Multiple stage peracid oxidation of alkenes (DE 19849527)
They state that the total reaction time is considerably shortened from overnight stirring to a few hours. The yield of epoxide is also increased, as the two-phase reaction and shorter reaction time reduces the incidence of acid-catalyzed ring-opening and other side reactions. The discarded aqueous phases still contain excess HCOOH/H2O2, and this should be recycled. By choosing toluene as the non-polar reaction solvent, the water and formic acid forms azeotropes with the solvent, and are thus removed first by simple distillation, leaving only an anhydrous toluene solution of the epoxide, which can be further purified by vacuum distillation. The same is also true using xylene or dichloromethane. The concentration of the hydrogen peroxide is not so critical, but use no less than 25% peroxide, calculated from the total water content of the acid and the peroxide solution.
Example 1In a 2000ml RBF, 336g 1-dodecene (2 mol) and 46g 99% formic acid (1 mol) was dissolved in 800g toluene and heated to 90°C. To the vigorously stirred mixture was added 136g 50% hydrogen peroxide (2 mol) during 20 minutes, and after that the mixture was stirred for a further 20 minutes, and the aqueous phase was then discarded.

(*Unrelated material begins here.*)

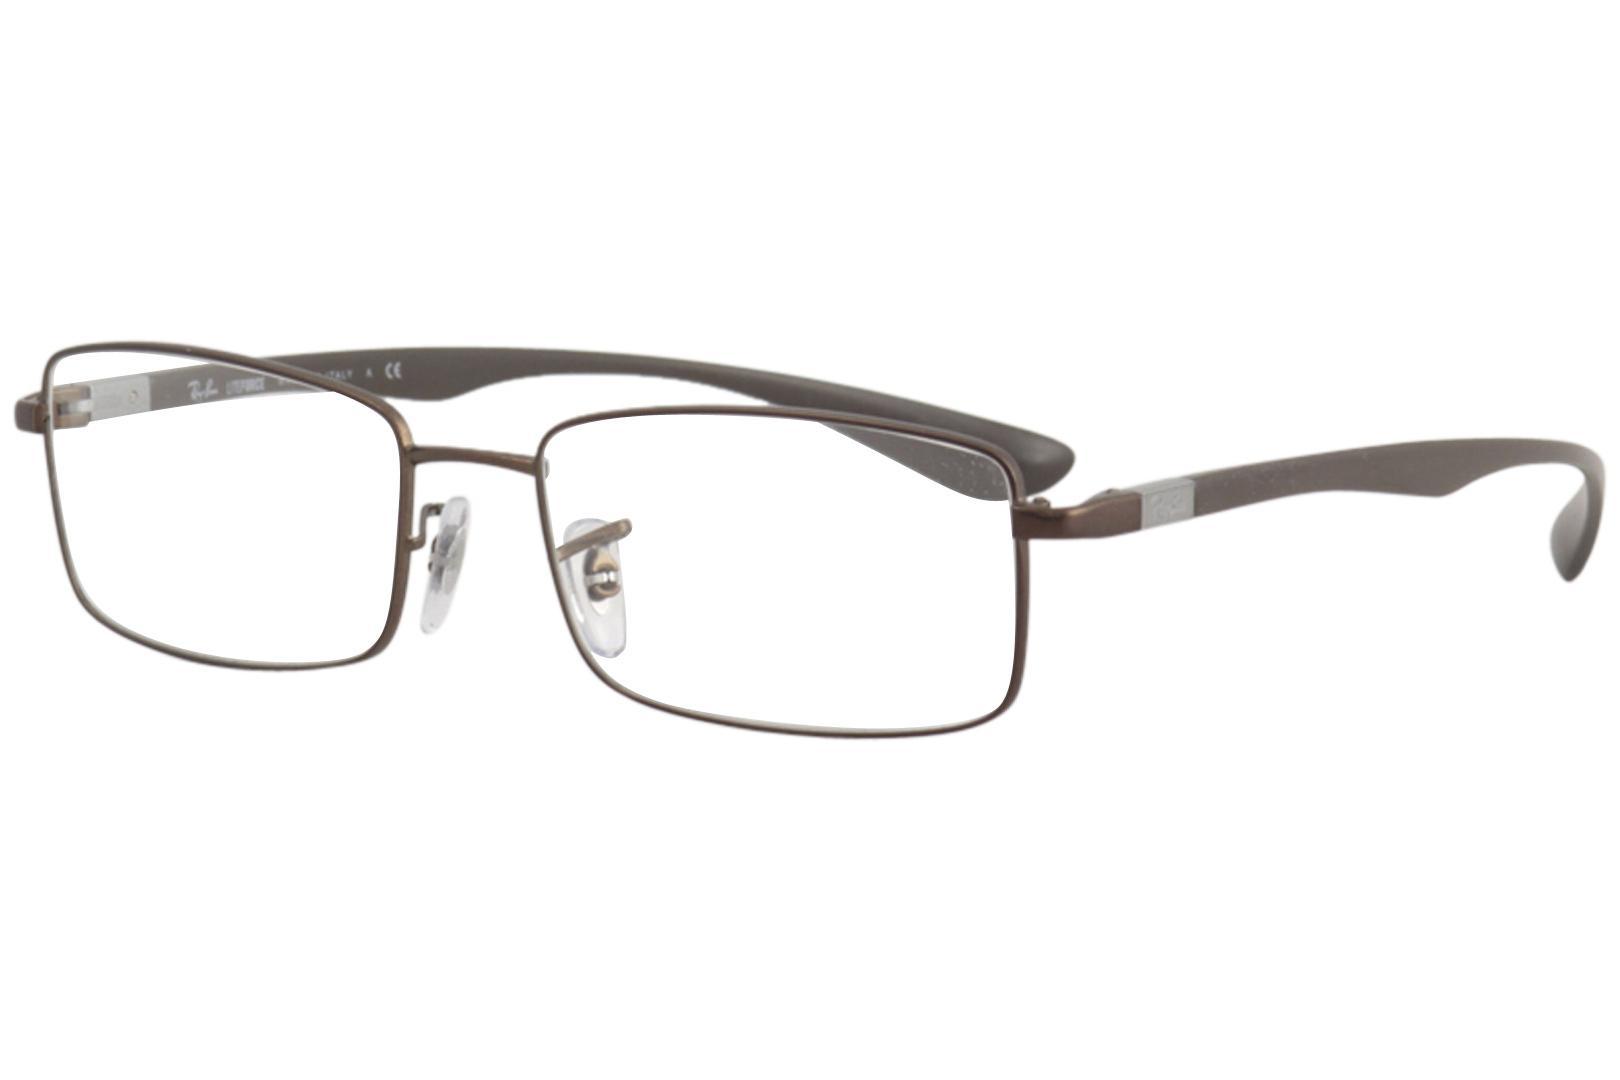 4ff132d6a7 Ray Ban Men s Eyeglasses Liteforce RX6286 RX 6286 RayBan Optical Frame
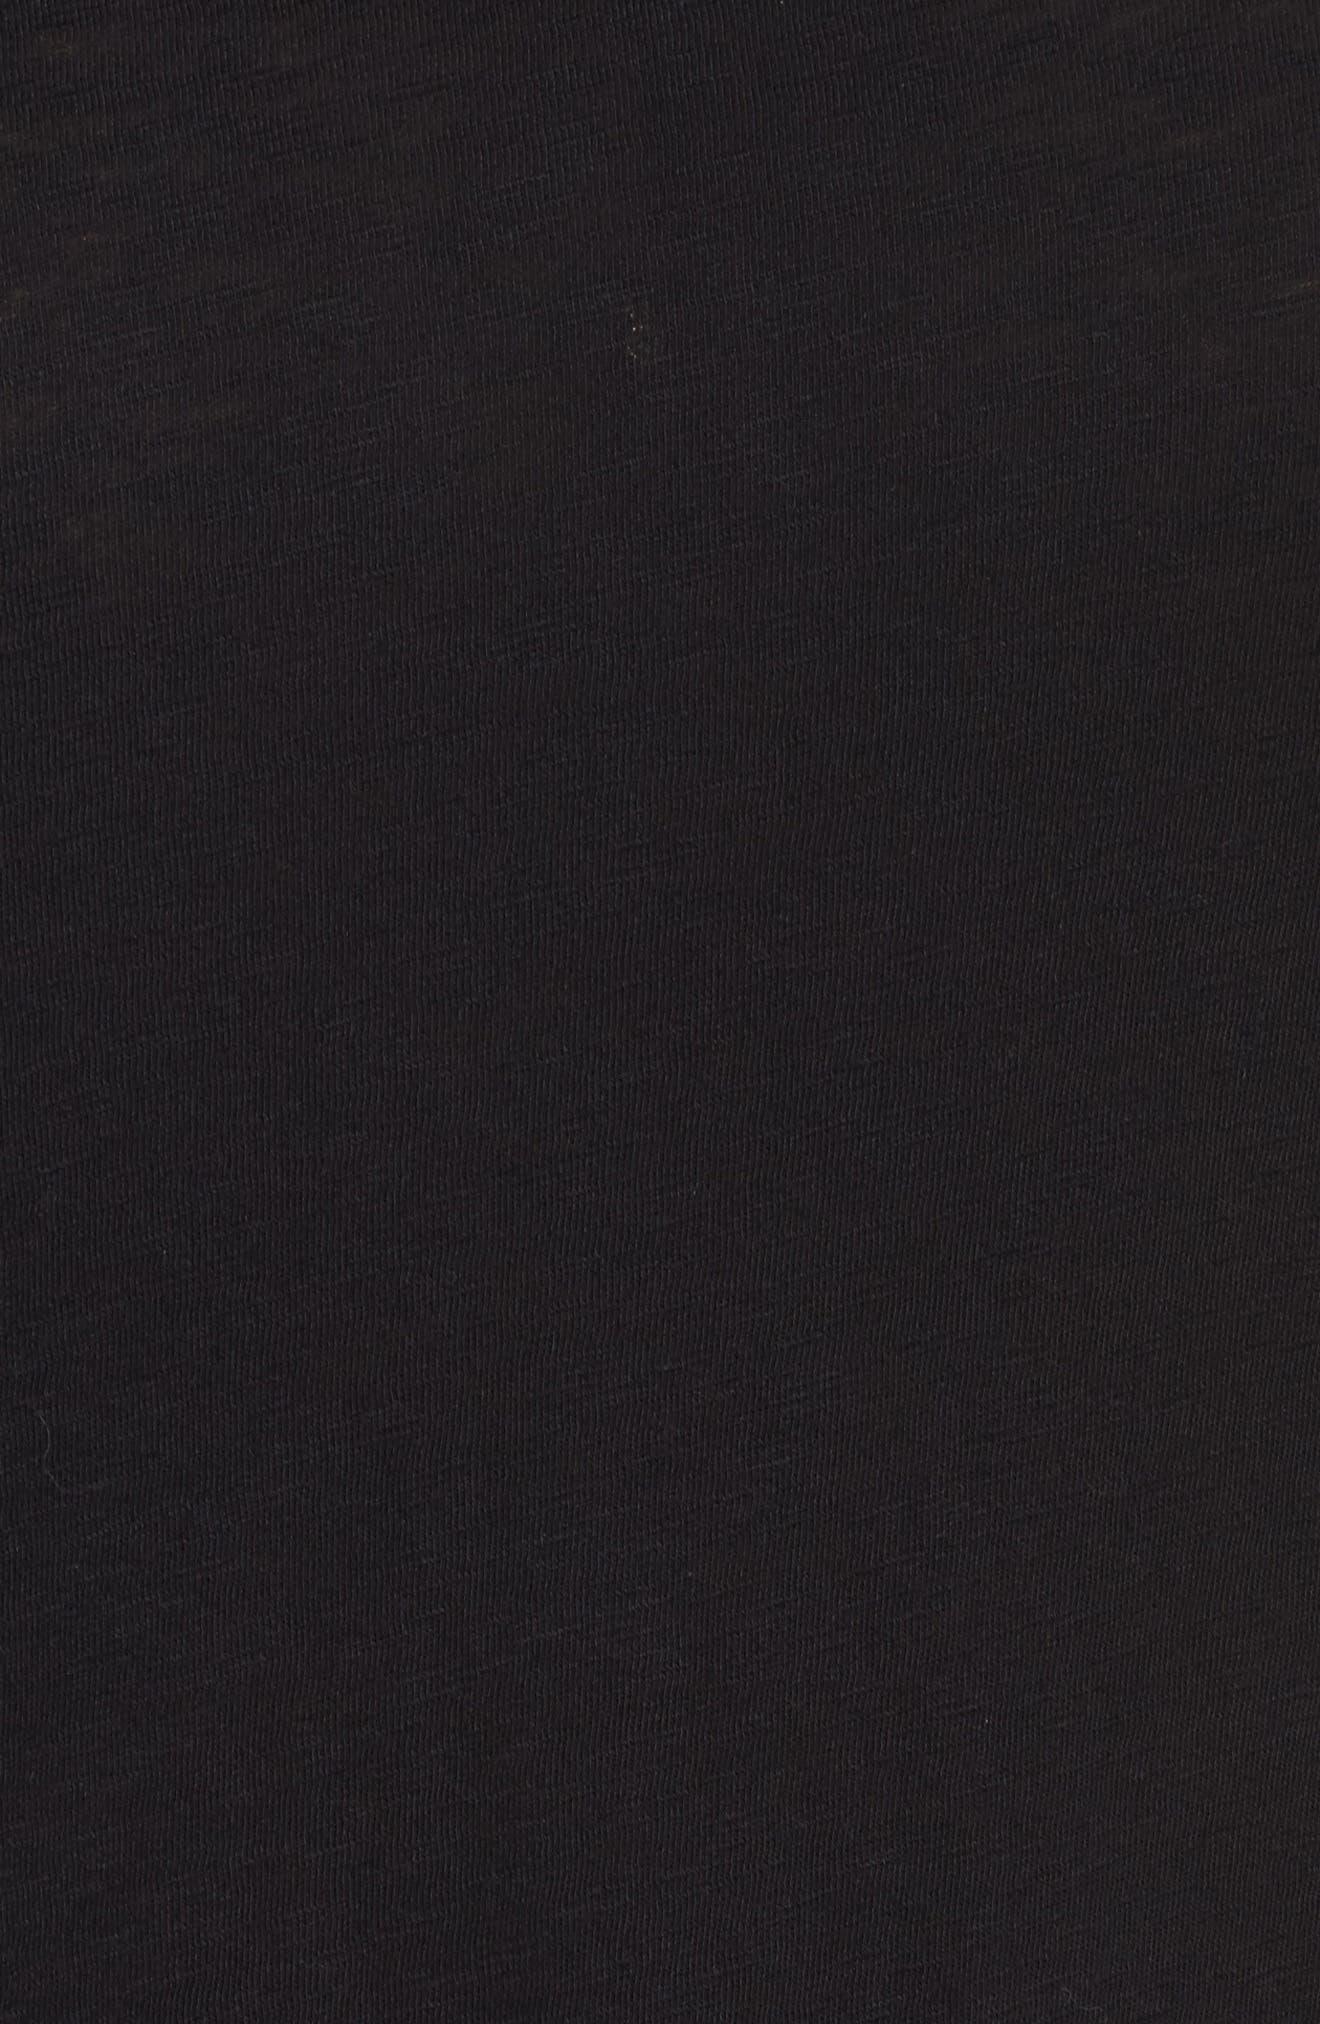 Long Sleeve Crewneck Tee,                             Alternate thumbnail 33, color,                             Black

For step 2-4, the designated amount of formic acid is added in one portion, and the designated amount of hydrogen peroxide (same concentrations and temperatures as above) is added during five minutes, followed by 20 minutes of stirring and dicarding of the lower aqueous layer. In step 2, use 0.5 mole formic acid and 0.5 mole 50% H2O2, and for step 3-4, use 0.3 moles of each.
The crude product was analyzed with GC to reveal the following composition:
93.2% 1,2-Epoxydodecane
1.1% 1-dodecene
2.1% 1,2-dodecanediol
1.6% 1,2-dodecanediol monoformate
1.6% 1,2-dodecanediol diformate